Overview
Multiple Sclerosis (MS)
1. Clinical Overview
Summary
Multiple Sclerosis (MS) is a chronic, inflammatory, demyelinating disease of the Central Nervous System (CNS) characterised by Dissemination in Space and Time – multiple lesions affecting different areas of the brain and spinal cord at different times. MS primarily affects young adults (Peak onset 20-40 years) with a 2:1 female predominance. The aetiology involves a complex interplay of genetic susceptibility and environmental factors (Vitamin D deficiency, EBV infection, Smoking) leading to autoimmune-mediated demyelination and axonal damage. Clinical presentations are highly variable and include Optic Neuritis, Sensory Symptoms, Motor Weakness, Ataxia, Bladder Dysfunction, and Cognitive Impairment.
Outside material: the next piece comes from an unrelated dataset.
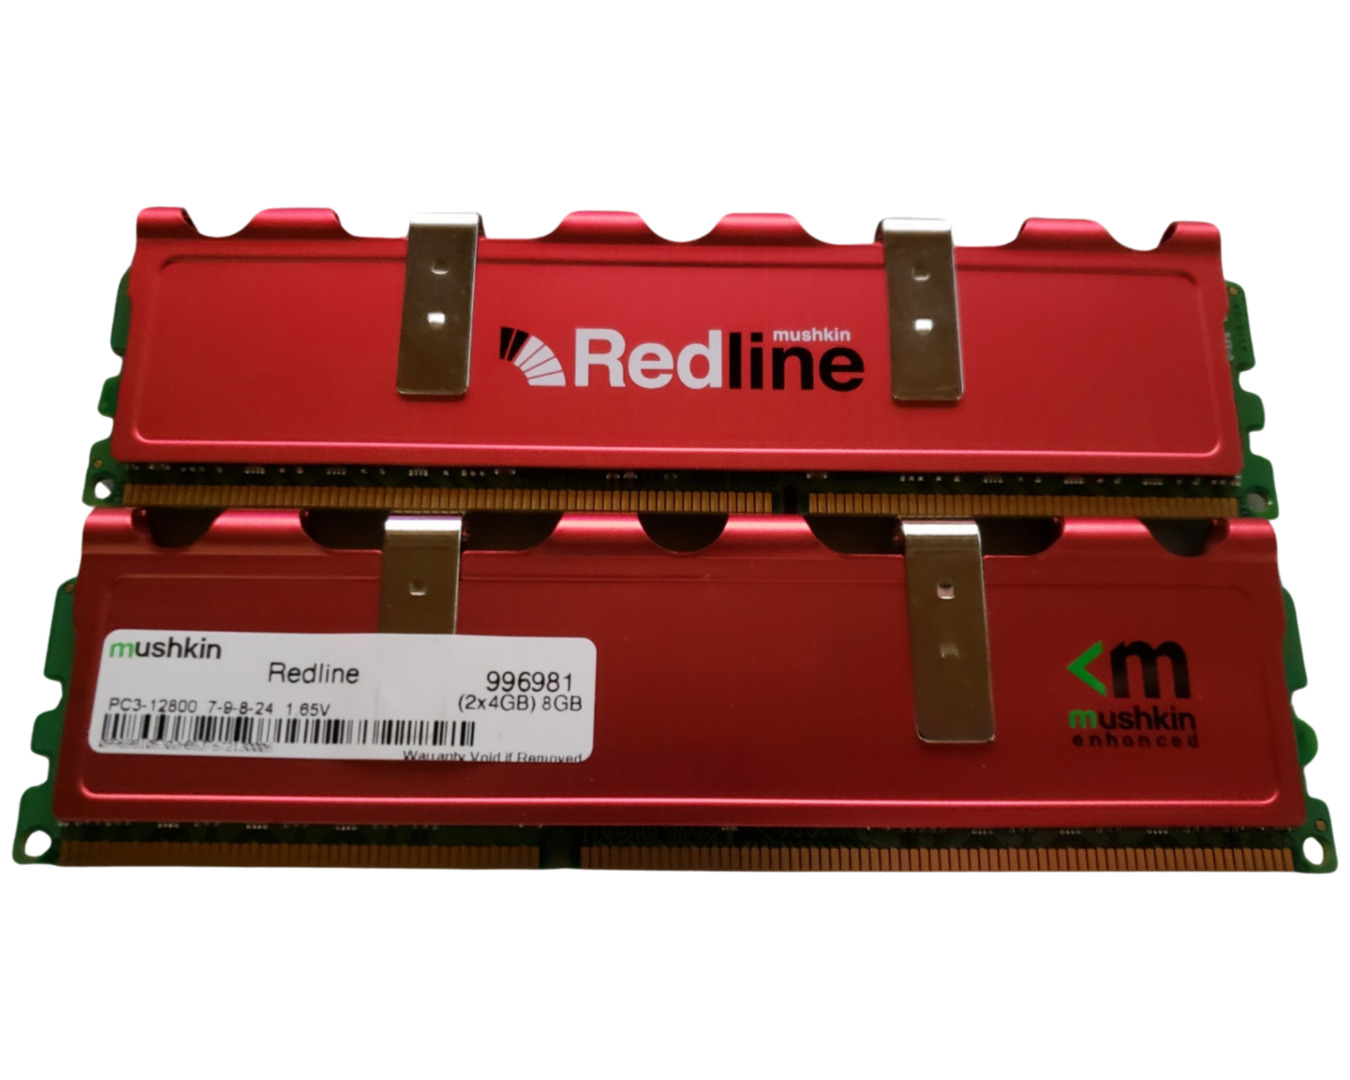 (2 Piece) Mushkin Enhanced Redline 996981 DDR3-1600 8GB (2x4GB) RAM

MS is classified into subtypes: Relapsing-Remitting MS (RRMS) (~85% at onset), Secondary Progressive MS (SPMS), and Primary Progressive MS (PPMS) (~10-15%). Diagnosis is based on McDonald Criteria 2017 (Clinical + MRI + CSF). Disease-Modifying Therapies (DMTs) reduce relapse frequency and slow disability progression in RRMS/Active SPMS. Symptomatic management addresses specific deficits. [1,2,3]
Clinical Pearls
"Dissemination in Space and Time": The hallmark of MS. Lesions in multiple CNS locations at different points in time.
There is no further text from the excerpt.